August 18, 2022 - The Bookshelves - Construction
Here’s where we made our biggest mistake. We didn’t communicate the room structure to Rakks, only the interior dimensions. Therefore, we had to cut every in-room shelf to a new length. That wasn’t too difficult with our new Sjöbergs workbench, a 12” rented Delta sliding miter saw, and a new aluminum cutting blade.
We anchored the in-room poles to the LVLs colored in red, so the top 7 long shelves, as noted in the drawing, had to have 8 1/2” cut off of them and the bottom 3 had to have 16 1/2” cut off. This allowed us to butt them hard up against the wall shelves. This was important because we eliminated the northmost pole from the Rakks design. There wasn’t an LVL in the right spot to anchor the AB0035 pole top brackets to. So what did we do to hold up those cantilevered shelf ends?

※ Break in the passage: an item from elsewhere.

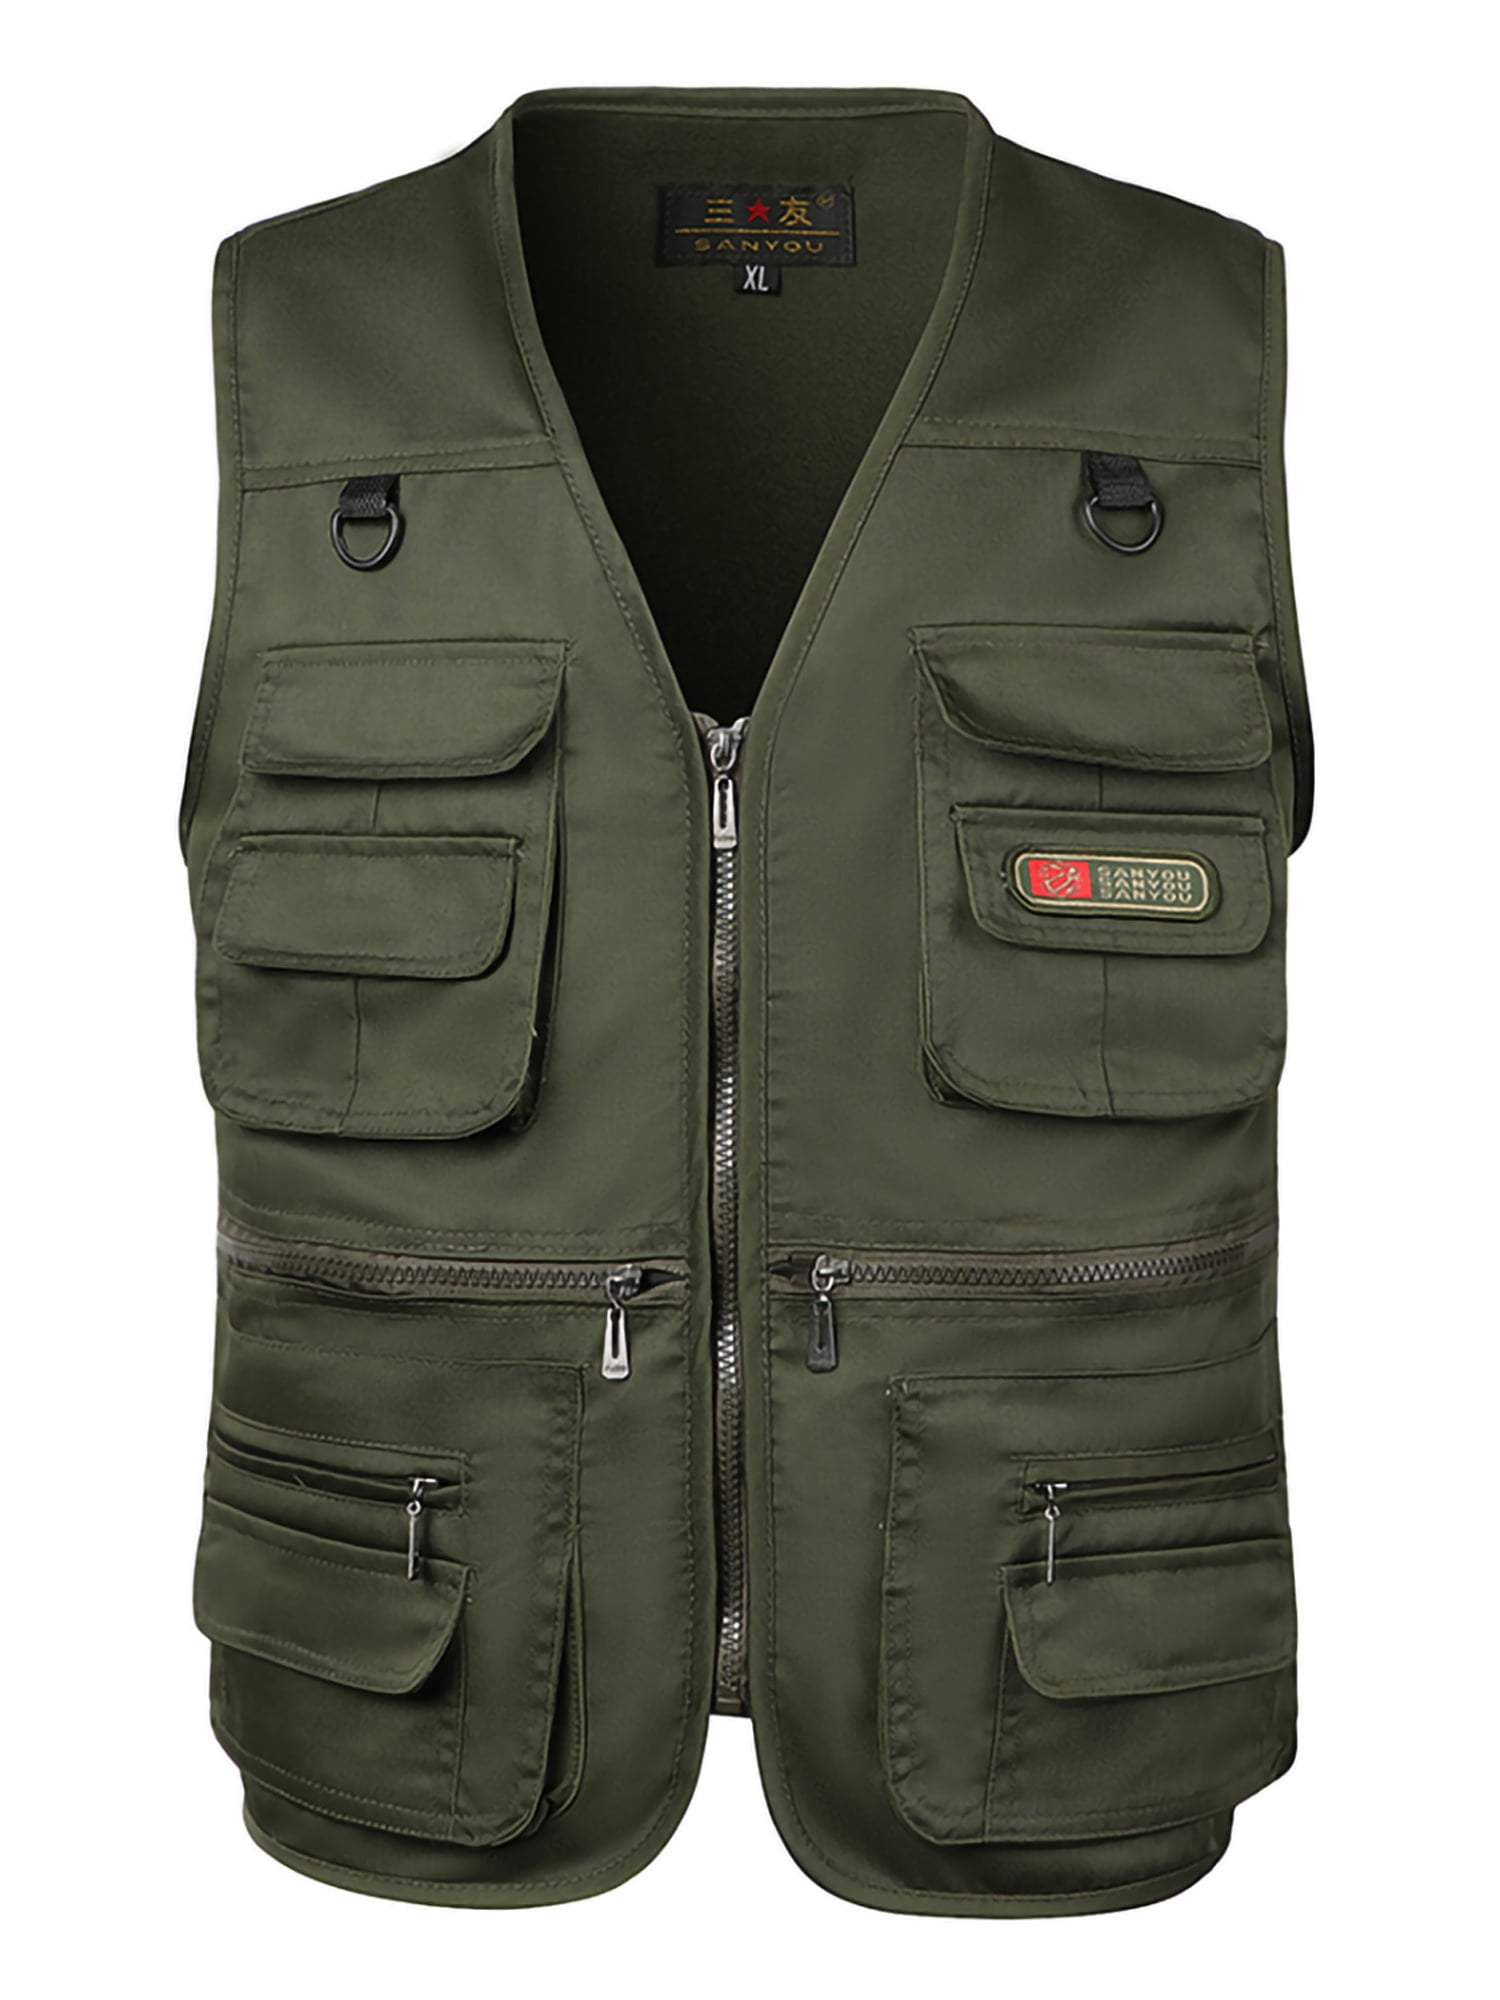 Men's Fishing Multi-Pocket Utility Vest Shooting Hunting Waistcoat Jacket Top

Martin fiddled around for quite some time with the Rakks end caps, which weren’t going to be used on the north ends of the 60 in-room shelves. At left is what he came up with. By reversing the set screws, the slot could be faced downward. Then the screws which held the end caps onto the blocks could be reused and the strap repurposed to create what we call a 90° shelf lockdown.
The transformation is shown from left to right in the photo.
The necessary adjustment comes from the fact that the entire slot is extruded with 1/4” x 20 threads on each side of it so that the screws can be put anywhere in the slot but right on top of the set screw.
Here’s one of the problems we encountered while modifying the AB0035 for much larger screws than provided by Rakks (The Sandberg & Hembree Bridge & Trestle Company strikes!). We needed to countersink the brackets for the new screws and as you can see from the top hole, we had a real chatter problem.
Fortunately, the guys at CNC Cookbook (I got the name wrong in the video) had some great ideas. We had started out at 1,500 RPM. BY reducing it to 500 RPM we hit the machine and tools sweet spot. Good thing we did, we had a lot of countersinks to do!